Cette femme qui paraît ivre du jus de la vigne, qui balbutie jusqu'à extinction de voix et de mouvement inarticulé de ses lèvres, et qui répand son âme devant l'autel jusqu'à ce que son Dieu l'exauce et que l'homme s'y trompe, n'est-elle pas la plus parfaite et la plus touchante image du délire lyrique de David?
XXVI
Le seul caractère de ce lyrisme dans toutes les nations, et surtout dans les nations jeunes, que leur jeunesse même enivre de poésie, est précisément ce délire, ce balbutiement confus des lèvres de cette femme et des hymnes du berger de Judée. Ils répandent leur âme l'une en larmes, l'autre en cantiques; on les croit dans l'ivresse, et ils ne sont ivres que de leurs pensées, de leurs pleurs, de leur Dieu.
On sent tout de suite qu'à une pareille poésie il n'y a d'autres règles que l'inspiration, le délire et le génie; le plus grand poëte lyrique sera précisément celui qui sera possédé de plus d'ivresse. Si cette ivresse est simulée et profane, il sera Pindare; si cette ivresse est sincère et sacrée, il sera David.
XXVII
Le premier des poëtes lyriques profanes est le poëte grec Pindare. L'homme le plus capable de le comprendre par l'intuition littéraire et de le transvaser d'une langue dans une autre sans laisser perdre une goutte de cette poésie, c'est parmi nous M. Villemain. Il va nous en donner incessamment une traduction: c'est une bonne fortune pour la Grèce.
Le procédé de Pindare est de feindre cette ivresse de la femme qui répand son âme dans le Temple et de s'abandonner en apparence au vol désordonné de ses pensées.
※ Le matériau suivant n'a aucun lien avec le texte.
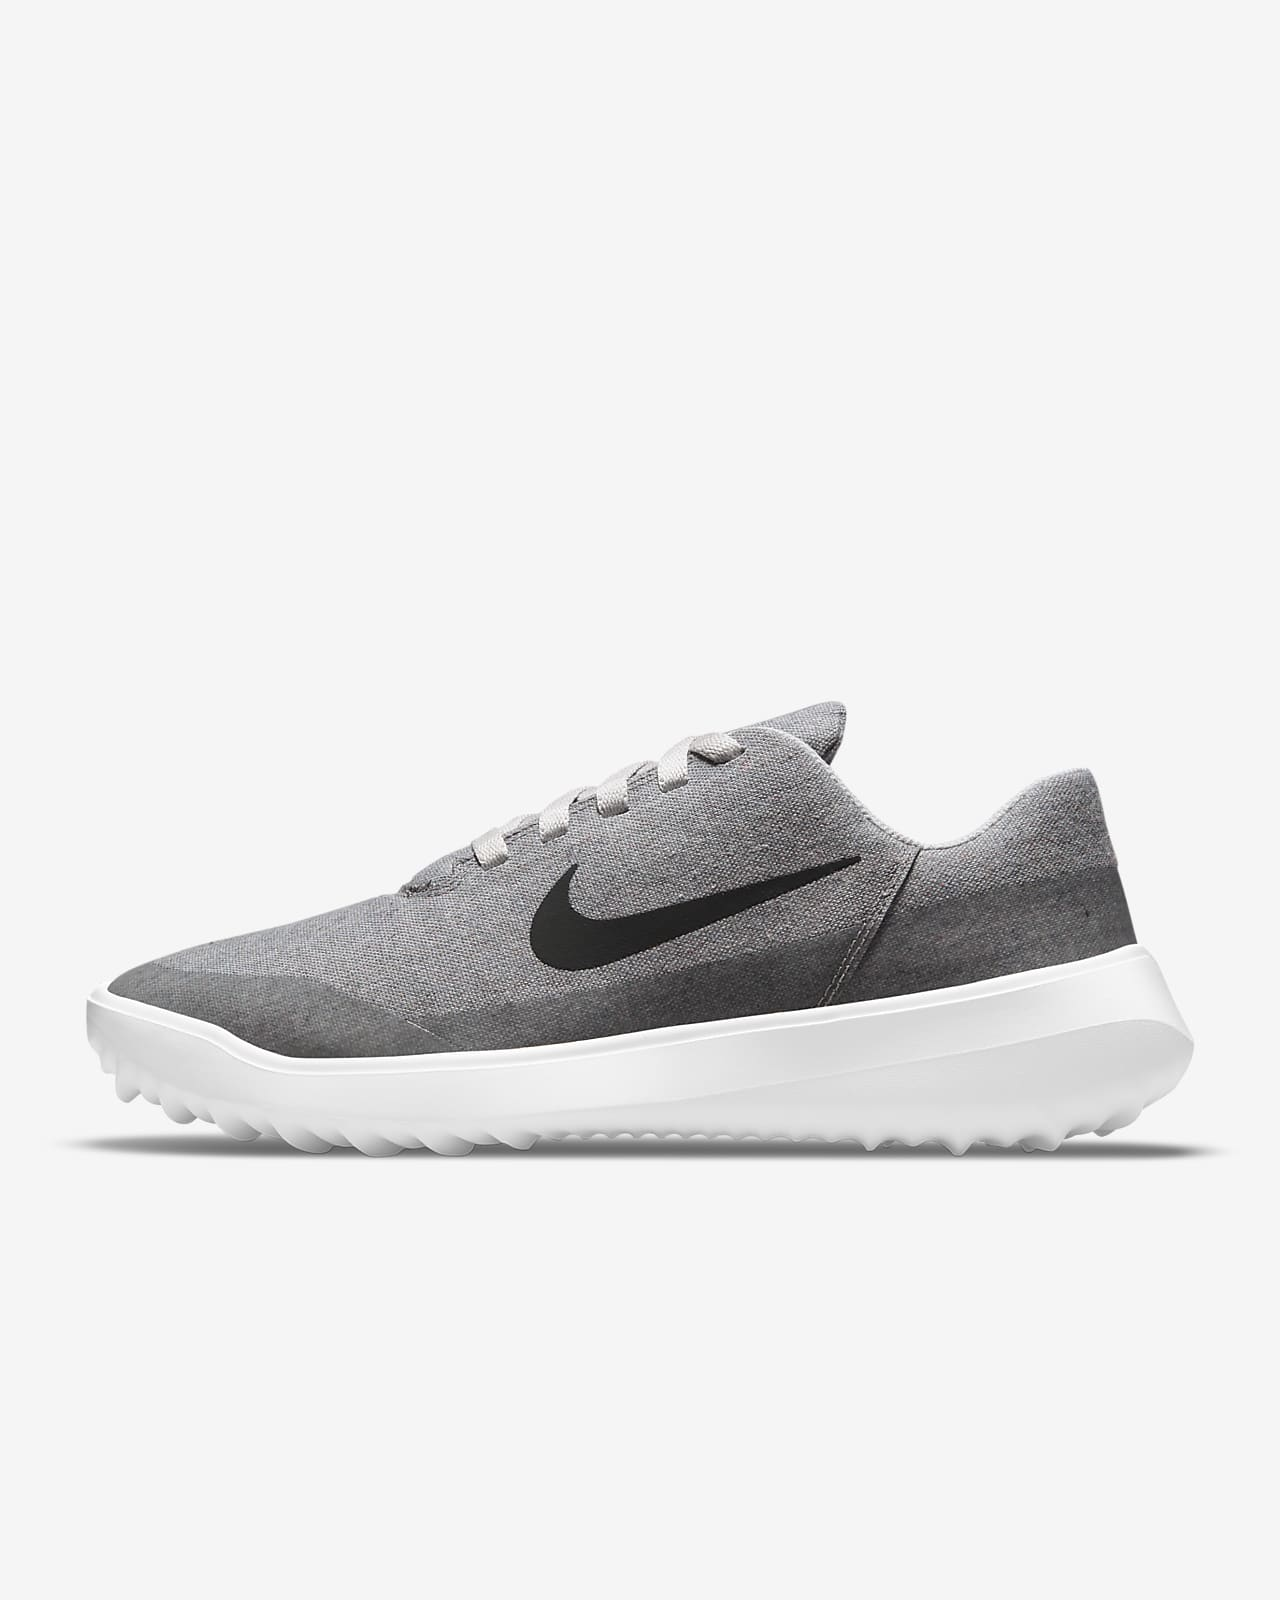 Chaussure de golf Nike Victory G Lite
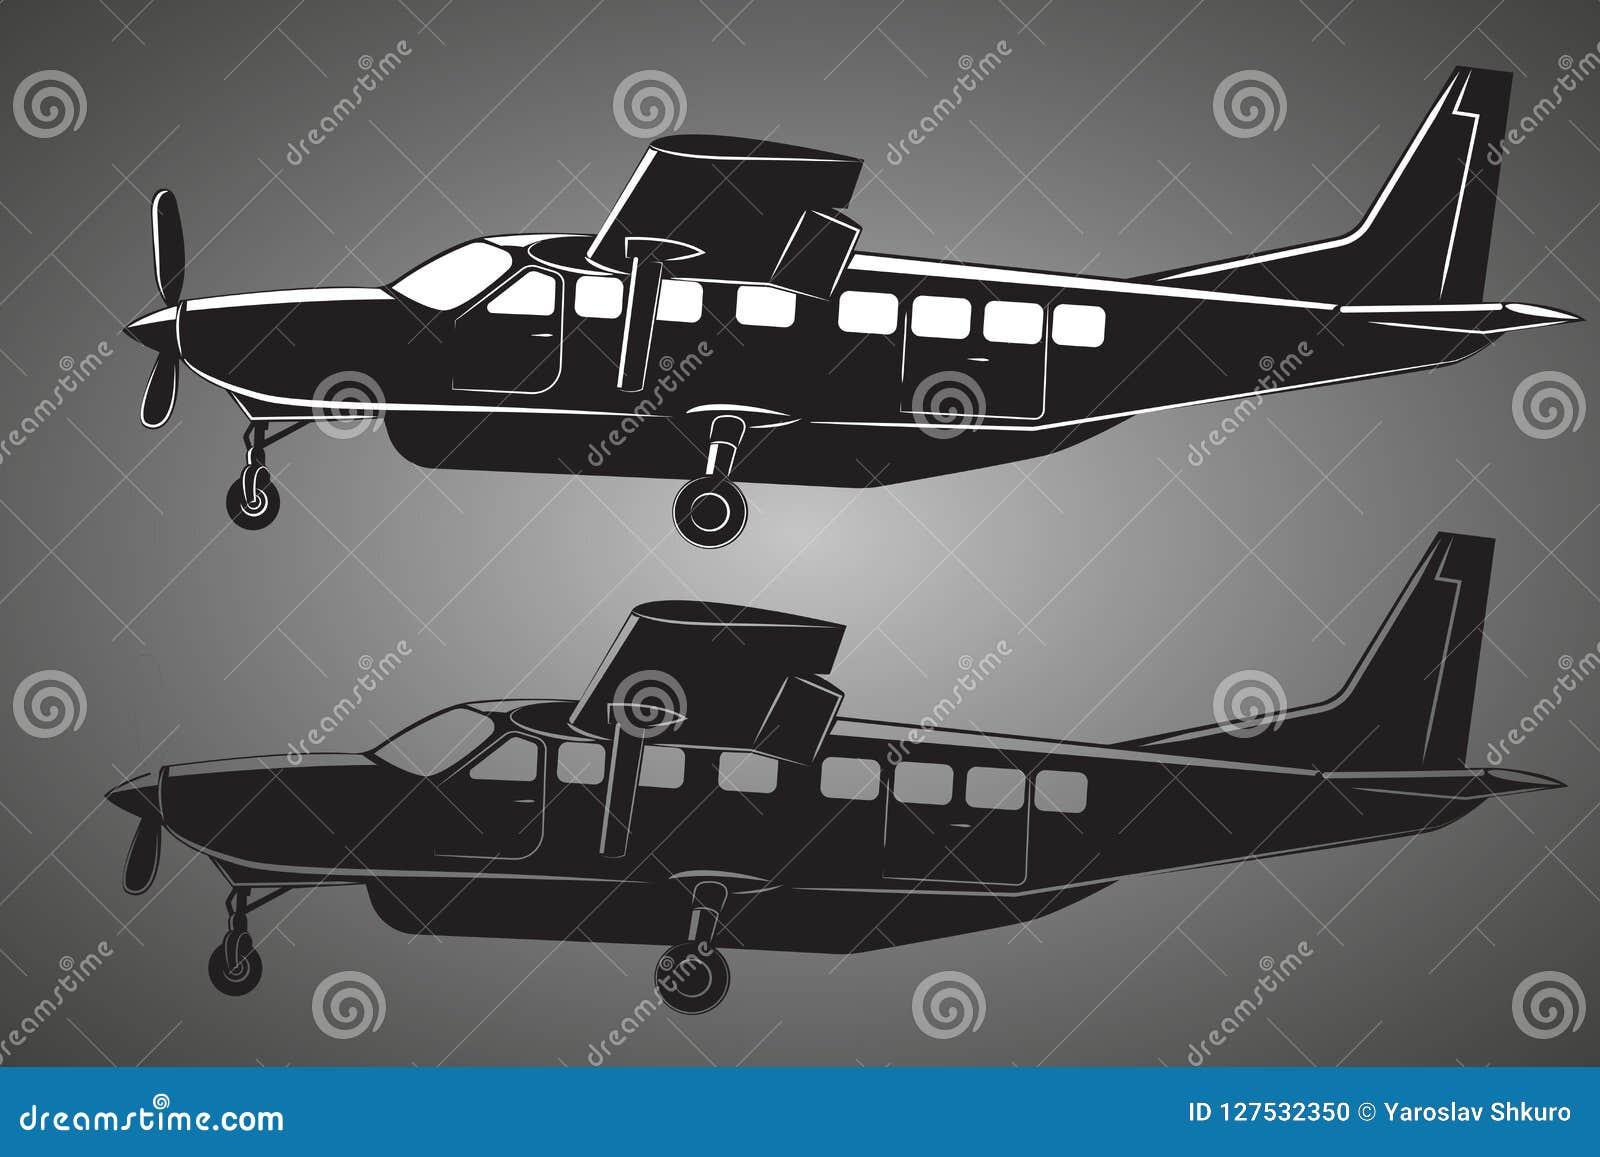 Gippsland GA8 Airvan Light Utility Aircraft

Il donne ainsi à sa puissante imagination des coups d'aile qui le font perdre de vue dans l'éther, et qui le transportent d'un sujet à l'autre et d'une image à une autre avec la rapidité et l'éblouissement de l'éclair.
Certes, si ce grand poëte, au lieu de naître dans une nation vaniteuse de rhétoriciens et d'artistes, comme les Grecs, était né dans une nation de pasteurs, de prêtres, de prophètes, comme les Hébreux; s'il avait vécu la vie du berger de Bethléem, d'abord gardien de brebis dans les lieux déserts, joueur de flûte aux échos des rochers de son pays, barde d'un roi qu'il assoupissait aux sons de sa harpe, sauveur d'un peuple par sa fronde, proscrit de caverne en caverne avec une bande d'aventuriers, puis le héros populaire de sa nation, puis roi, tantôt triomphant, tantôt détrôné de l'inconstant Israël, puis couvert de cendre sur sa couche de douleur, noyé dans les larmes de sa pénitence, et n'ayant de refuge, comme les colombes dans les creux des rochers d'Engaddi, que dans la miséricorde de Jéhova qui avait exalté sa jeunesse; si Pindare, disons-nous, avait eu toutes ces conditions inouïes du génie lyrique du fils d'Isaï, il aurait peut-être donné à la Grèce des psaumes comparables à ceux de la Judée.
XXVIII
Mais Pindare était tout simplement un barde hellénique, un poëte lauréat à la solde de toutes les villes grecques ou de tous les vainqueurs qui se disputaient le prix aux jeux olympiques.